Thereafter, the appellant filed an appeal with this Court which was refused by order entered on January 29, 1992. The appellant then filed a petition for a writ of habeas corpus pursuant to this Court's decision in Zain I. (See footnote 5) The circuit court denied the habeas petition by order entered on January 30, 1996. The appellant then filed an appeal of that order with this Court which was refused on August 23, 1996. On April 4, 2005, the appellant filed the petition for a writ of habeas corpus which is the subject of this appeal. The petition was filed pro se but the appellant was later appointed counsel. The appellant's appointed counsel advised the circuit court that the appellant was relying on his pro se petition and that an amended petition would not be filed. However, following this Court's decison in Zain III which was issued on June 16, 2006, the appellant filed a motion to amend seeking to add a Zain III claim to his petition for writ of habeas corpus. The respondent opposed the motion, and the motion was subsequently denied by the circuit court because the appellant's case was one of the ten cases specifically reviewed during the Zain III investigation. Thereafter, the appellant's petition for a writ of habeas corpus was denied by an order entered on August 15, 2007. This appeal followed.

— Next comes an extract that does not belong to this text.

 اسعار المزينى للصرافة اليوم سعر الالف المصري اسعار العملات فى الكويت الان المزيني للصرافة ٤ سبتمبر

A trial court is vested with a sound discretion in granting or refusing leave to amend pleadings in civil actions. Leave to amend should be freely given when justice so requires, but the action of a trial court in refusing to grant leave to amend a pleading will not be regarded as reversible error in the absence of a showing of an abuse of the trial court's discretion in ruling upon a motion for leave to amend.

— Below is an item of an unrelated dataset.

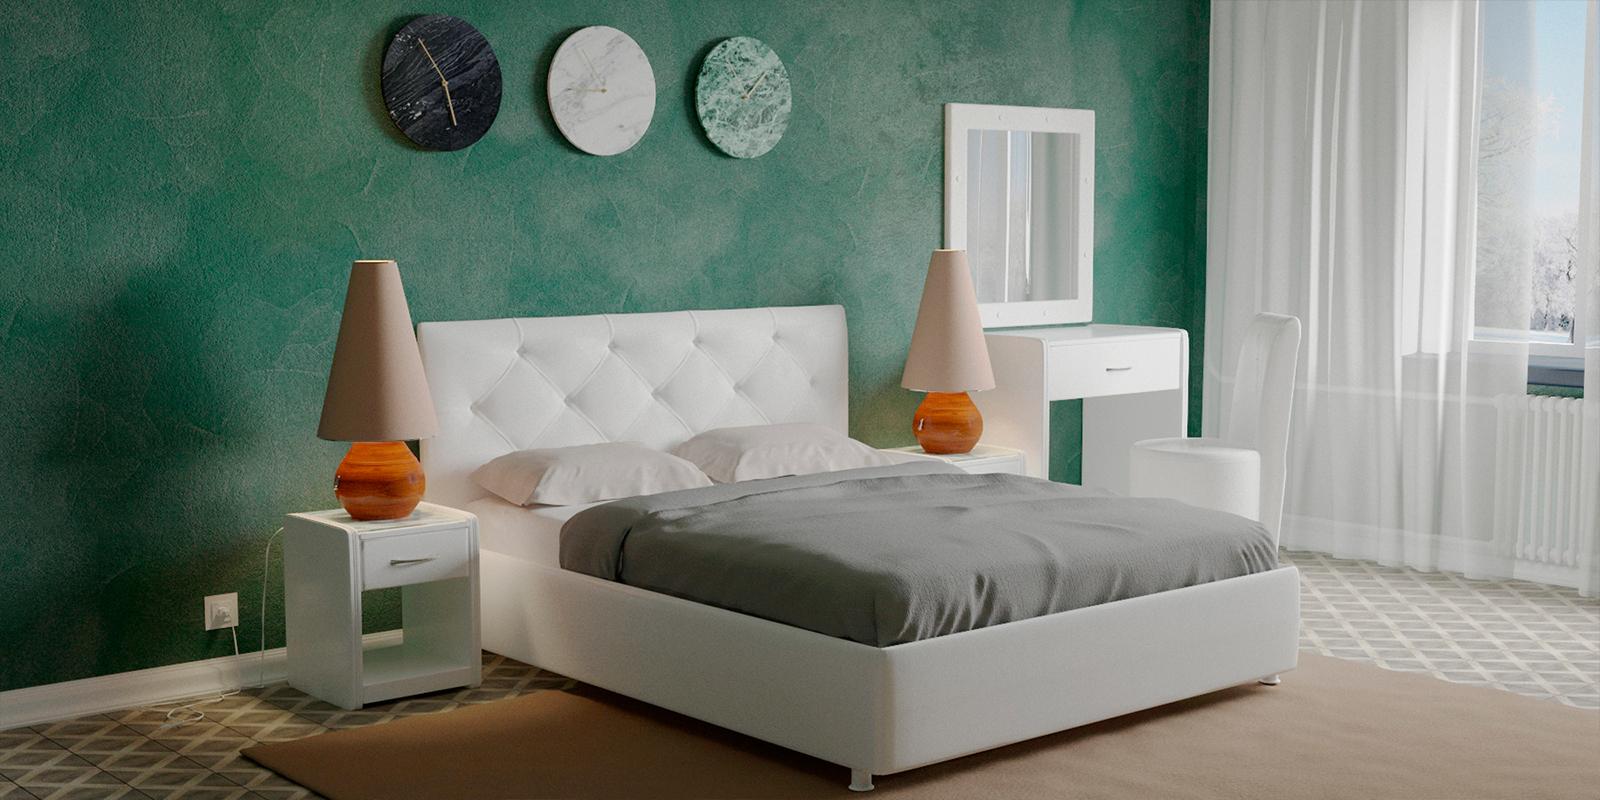 Купить Мягкая кровать 200х160 Малибу вариант №2 с ортопедическим основанием (Белый), HomeMe

Syllabus Point 6, Perdue v. S. J. Groves and Sons Co., 152 W. Va. 222, 161 S.E.2d 250 (1968). The appellant's second assignment of error concerns the circuit court's denial of habeas relief. In Syllabus Point 1 of Mathena v. Haines, 219 W. Va. 417, 633 S.E.2d 771 (2006), this Court held:
In reviewing challenges to the findings and conclusions
of the circuit court in a habeas corpus action, we apply a
three-prong standard of review. We review the final order and
the ultimate disposition under an abuse of discretion standard;
the underlying factual findings under a clearly erroneous
standard; and questions of law are subject to a de novo review.

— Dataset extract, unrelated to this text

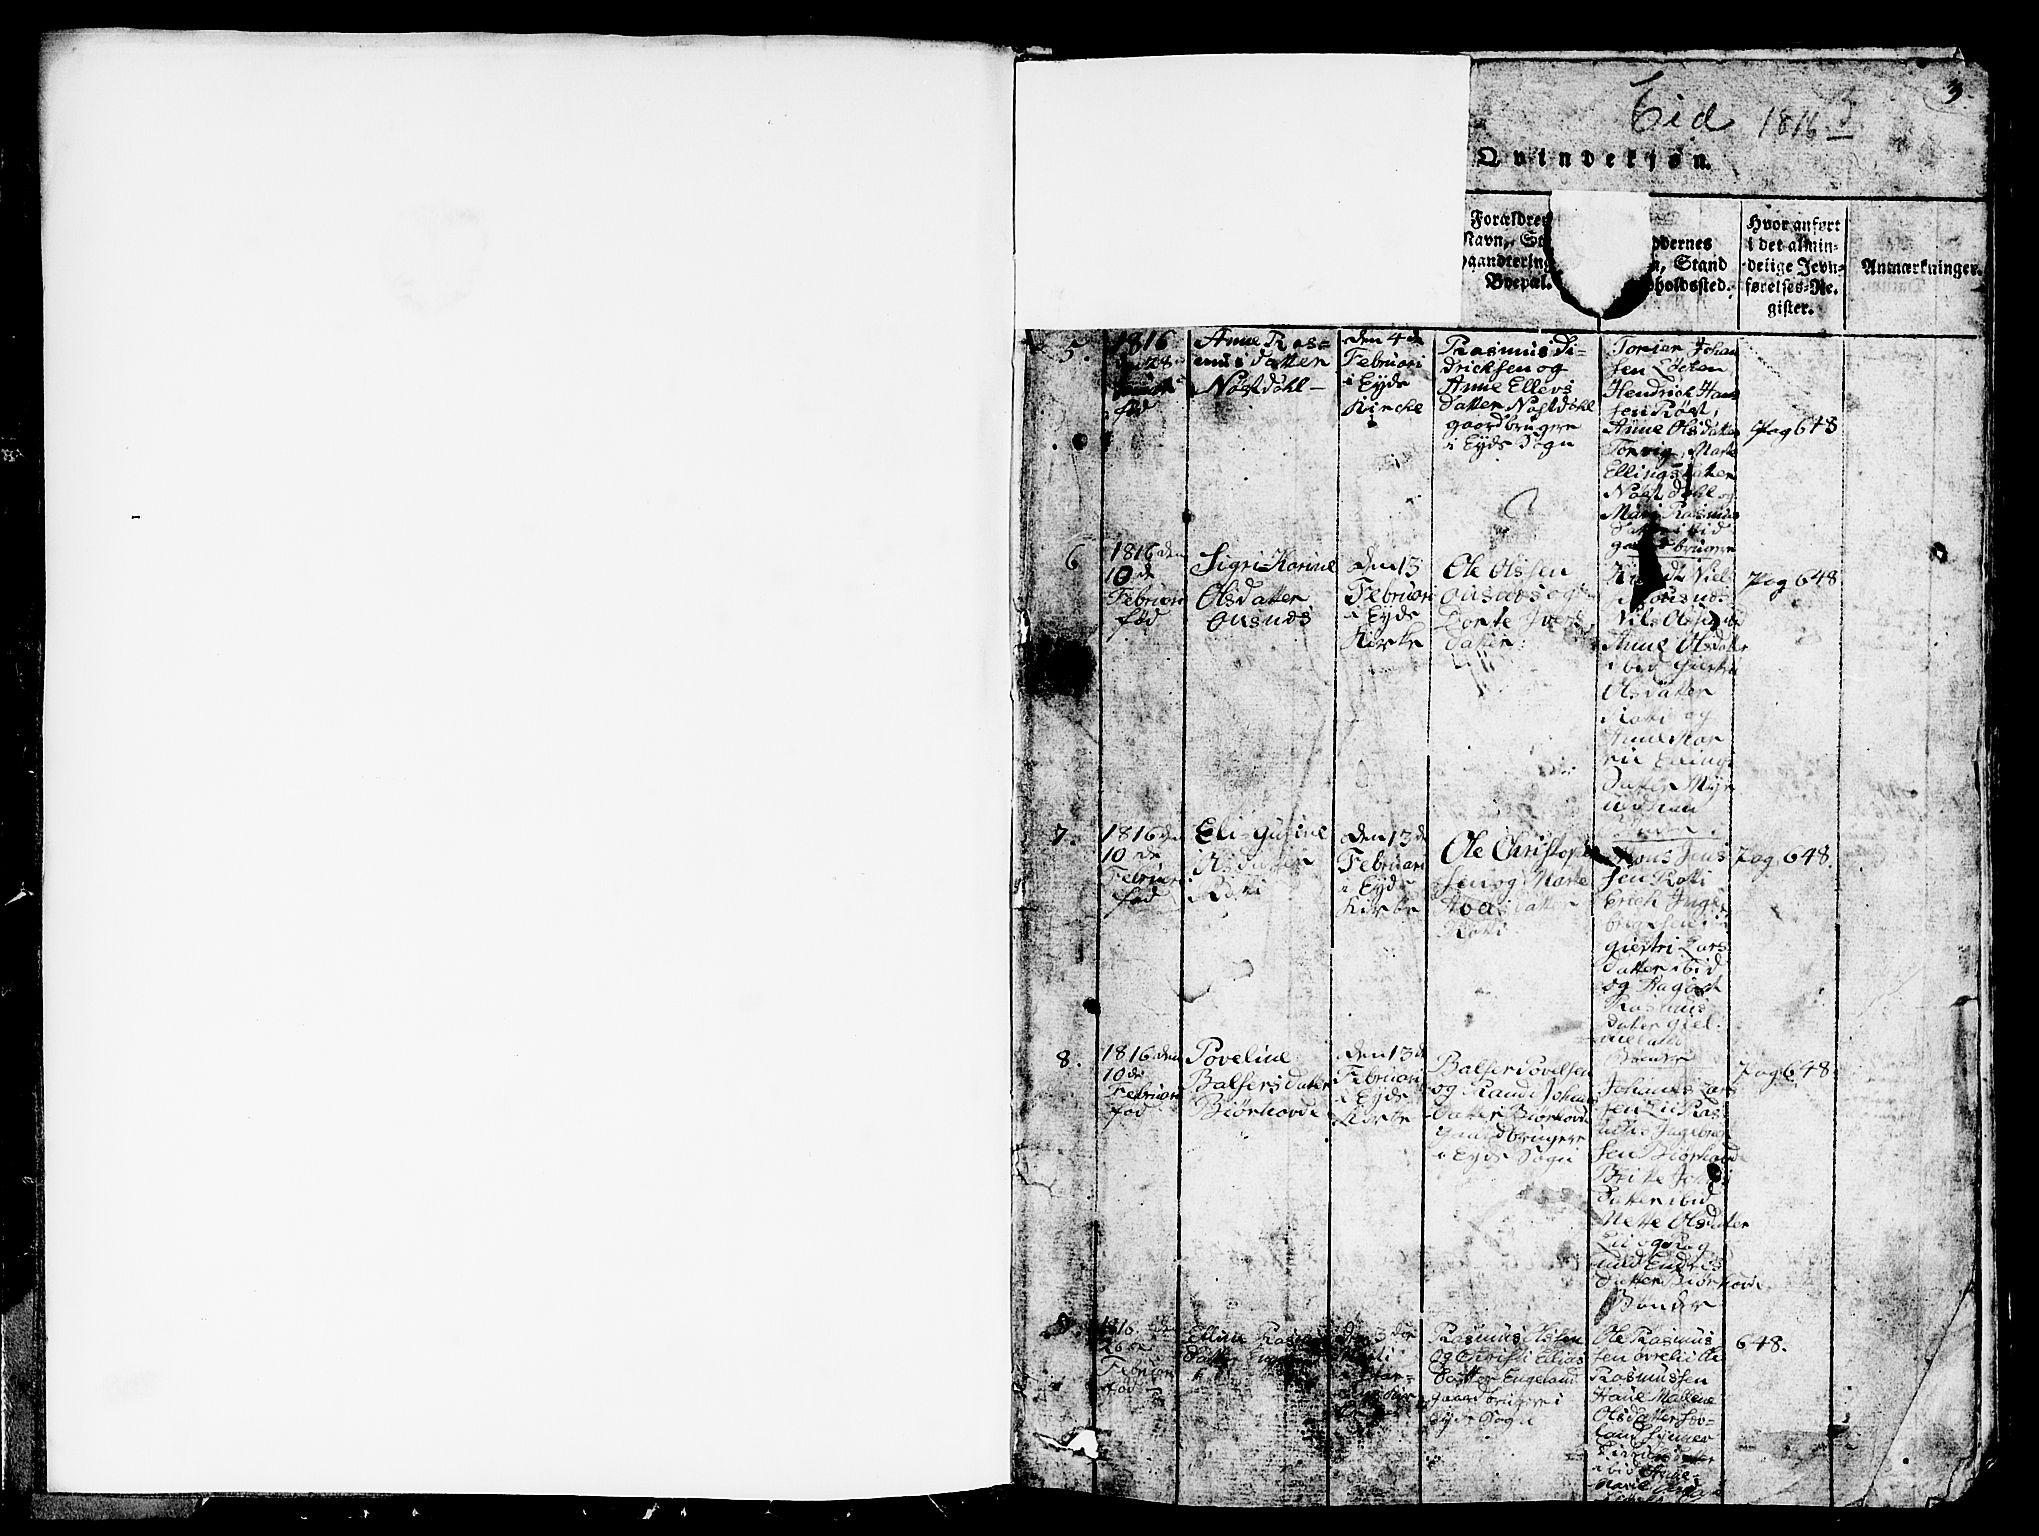 SAB, Eid Sokneprestembete, H/Hab: Klokkerbok nr. A 1, 1816-1862, s. 2-3

With these standards in mind, the issues presented will be considered.
Q: The next sentence [in the preliminary report] says, Stains of human blood were identified on the oral swabs, slides, sheets, nightgown, blue shawl, fingernail clippings, pink blanket, pillow case and rug. Did you participate in testing that identified the existence of blood on those items?
A: I reviewed the work that was done on those items and saw the tests performed. I didn't set them up myself, but I reviewed the work on them.
Q: It says, No blood identified on remaining items. Did you participate in the testing, if any was done, the result of which was an absence of the finding of blood on other items?
A: No, sir. All that falls under the Preliminary Category. The negative results would have been when the evidence was processed, meaning no stains were identified that warranted further testing.
I came into play when it became time for genetic markers to be identified on items, meaning enzyme testing, ABO testing, that sort of thing, all except on the jeans, and I remember those specifically because when I labeled them, I mismarked one of the items.
In my discussions with Fred [Zain], I advised him that the jeans and the panties were positive and he said, No, it wasn't the panties, it was the shirt, and that's the memory that I have specifically about that item. That's the only reason I remember it is because I mislabeled them.
Trooper Smith further testified that the appellant's blood sample was not received by the Crime Lab until after Trooper Zain left his employment and that he and Trooper Myers did the comparison testing and analysis.
Upon consideration of the evidence, the circuit court entered an order on January 30, 1996, denying the appellant habeas relief. The circuit court concluded that Trooper Zain's involvement in the underlying case was minimal, at most, and due to the chronology in the case, Trooper Zain could not have manipulated the results of the testing to inculpate the appellant because he never had a blood sample from the appellant, and thus, he could not have known what the appellant's genetic markers were. The circuit court further found that the serological evidence in the case was not a factor in the appellant's conviction and that the non-serological evidence, standing alone, was sufficient to support the appellant's conviction.
Subsequently, on January 9, 1998, Trooper Smith testified before the Grand Jury in the Circuit Court of Kanawha County which was convened to investigate criminal charges against Trooper Zain. The following exchange occurred:
Q: Were you ever requested to write a final report based on Mr.
Q: Did you do that?
A: Yes, I did.
Q: Did you find any problems with that?
A: Yes and no. I wrote the report based on the worksheets, but yeah I found problems with it.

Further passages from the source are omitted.